We get more disconnected components if we take into account only interactions from the first book. This makes sense as some of the characters/locations haven't yet been introduced in the first book, so they have no INTERACTS_1 relationships.

In [20]:
drop_graph('all_interacts')

### Undirected weighted graph

In the last example, we will show how to project an undirected weighted graph.
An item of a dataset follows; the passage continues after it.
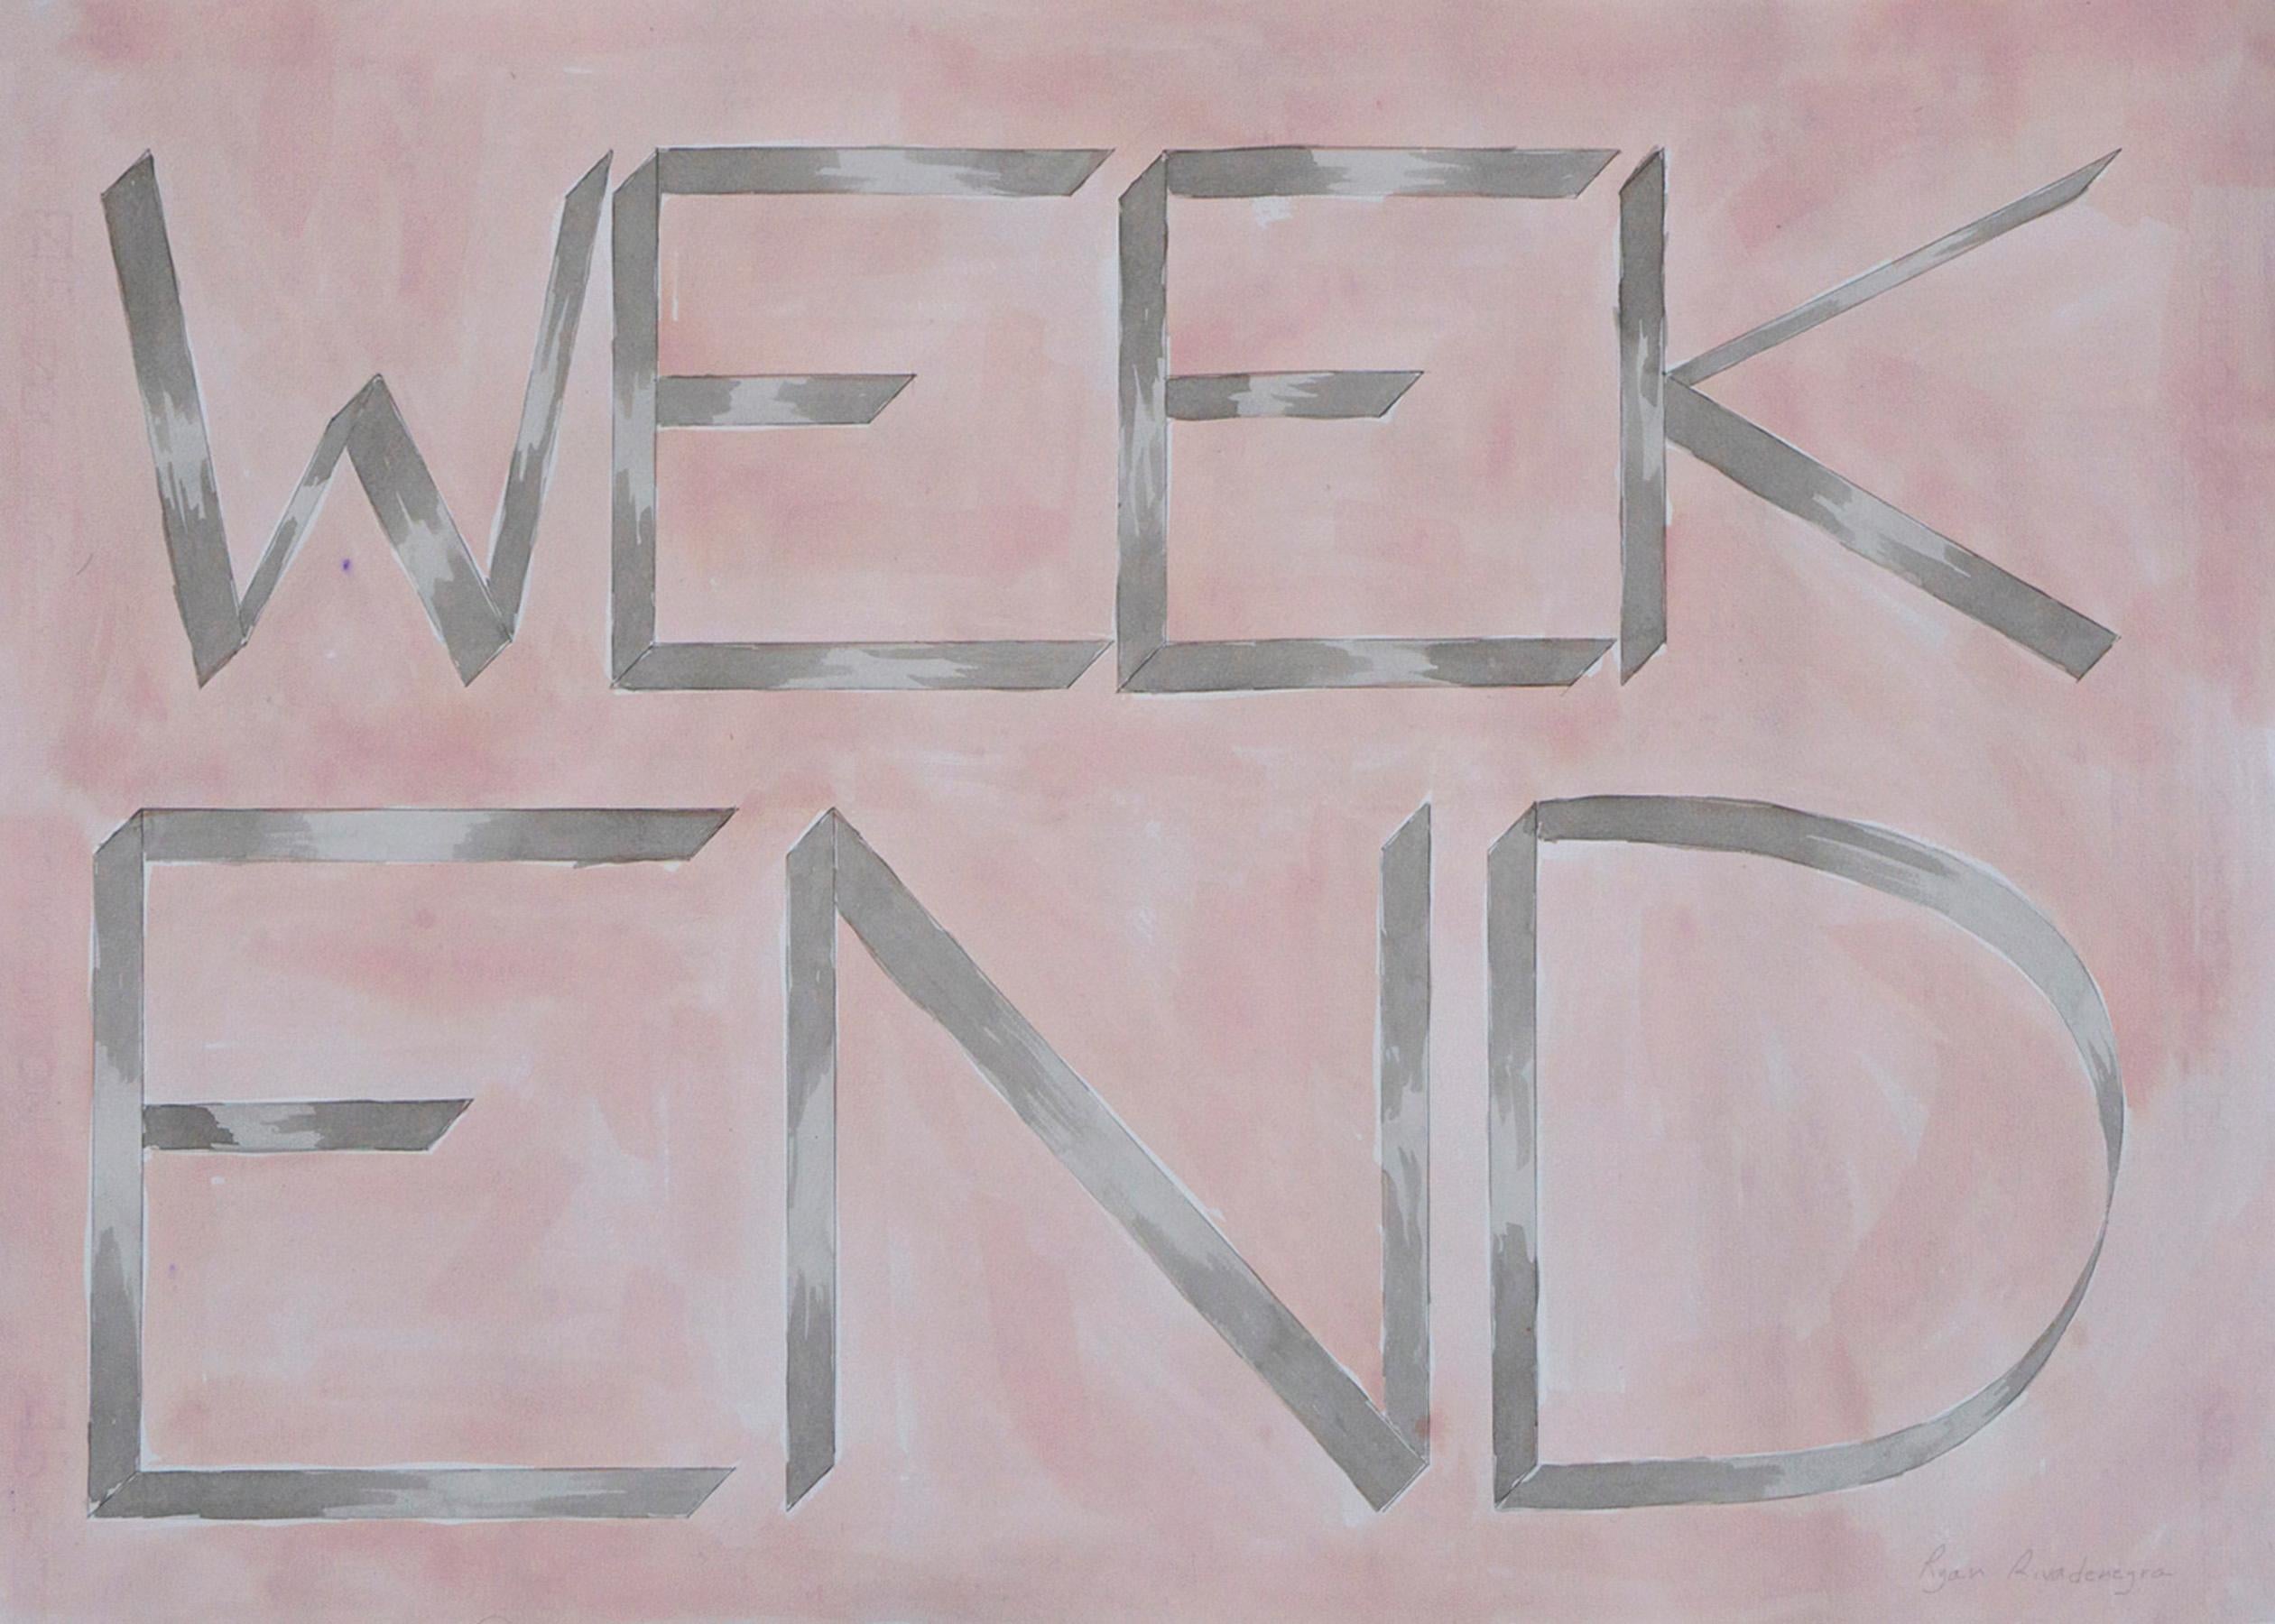 Ryan Rivadeneyra Still-Life Painting - "Weekend", Hand Painted Watercolor, Drawing, Inspirational Saying, 50x70cm

We will consider only nodes labeled Person and Thing, and for relationships, we will project all the INTERACTS_X relationships along with their weight property, which will be treated as undirected.

In [21]:
load_graph = """

CALL gds.graph.project('undirected_weighted',['Person', 'Thing'], 
    {INTERACTS_1:{type: 'INTERACTS_1', 
                  orientation: 'UNDIRECTED', 
                  properties:['weight']},
     INTERACTS_2:{type:'INTERACTS_2',
                  orientation: 'UNDIRECTED',
                  properties:['weight']},
     INTERACTS_3: {type:'INTERACTS_3', 
                   orientation:'UNDIRECTED',
                   properties:['weight']}});

"""

run_query(load_graph)

#### Unweighted pagerank

To run the unweighted pageRank on our projected graph, we don't have to specify any additional configuration.

In [22]:
unweighted_pagerank = """

CALL gds.pageRank.stream('undirected_weighted')
YIELD nodeId, score
RETURN gds.util.asNode(nodeId).Label as name, score 
ORDER BY score DESC LIMIT 5

"""

read_query(unweighted_pagerank)

Unnamed: 0,name,score
0,Aragorn,2.243211
1,Gandalf,2.200864
2,Frodo,2.099686
3,Sam,1.79491
4,Gimli,1.63608


#### Weighted pagerank
To let know the algorithm that it should take relationship weights into account, we need to use relationshipWeightProperty parameter.

In [23]:
weigted_pagerank = """

CALL gds.pageRank.stream('undirected_weighted', {relationshipWeightProperty:'weight'}) 
YIELD nodeId, score 
RETURN gds.util.asNode(nodeId).Label as name, score 
ORDER BY score DESC LIMIT 5

"""

read_query(weigted_pagerank)

Unnamed: 0,name,score
0,Frodo,5.065515
1,Gandalf,3.73223
2,Sam,3.445908
3,Aragorn,3.224506
4,Pippin,2.338957


As Frodo has more interactions (defined as weight) with other characters, he comes out on top with the weighted variant of the pageRank.

### First book analysis

To finish this blog post, we will analyze the network of the first book. We start by running the weighted pageRank on the interaction relationships from the first book only.

In [24]:
first_pagerank = """

CALL gds.pageRank.stream('undirected_weighted', 
     {relationshipWeightProperty:'weight', relationshipTypes:['INTERACTS_1']}) 
YIELD nodeId, score 
RETURN gds.util.asNode(nodeId).Label as name, score 
ORDER BY score DESC LIMIT 5

"""

read_query(first_pagerank)

Unnamed: 0,name,score
0,Frodo,5.478835
1,Gandalf,2.834502
2,Aragorn,2.783486
3,Sam,2.632037
4,Ring,1.964534


In [26]:
l_f = """

CALL gds.louvain.stream('undirected_weighted', 
    {relationshipWeightProperty:'weight', relationshipTypes:['INTERACTS_1']})
YIELD nodeId, communityId
RETURN communityId, collect(gds.util.asNode(nodeId).Label) as members
ORDER BY size(members) DESC LIMIT 5

"""

read_query(l_f)

Unnamed: 0,communityId,members
0,36,"[Aragorn, Arathorn, Arwen, Boromir, Denethor, ..."
1,18,"[Balin, Celeborn, Durin, Galadriel, Gimli, Gló..."
2,34,"[Bilbo, Bill, Frodo, Gandalf, Gildor, Merry, P..."
3,42,"[Goldberry, Bombadil]"
4,4,[Beregond]


In [27]:
drop_graph('undirected_weighted')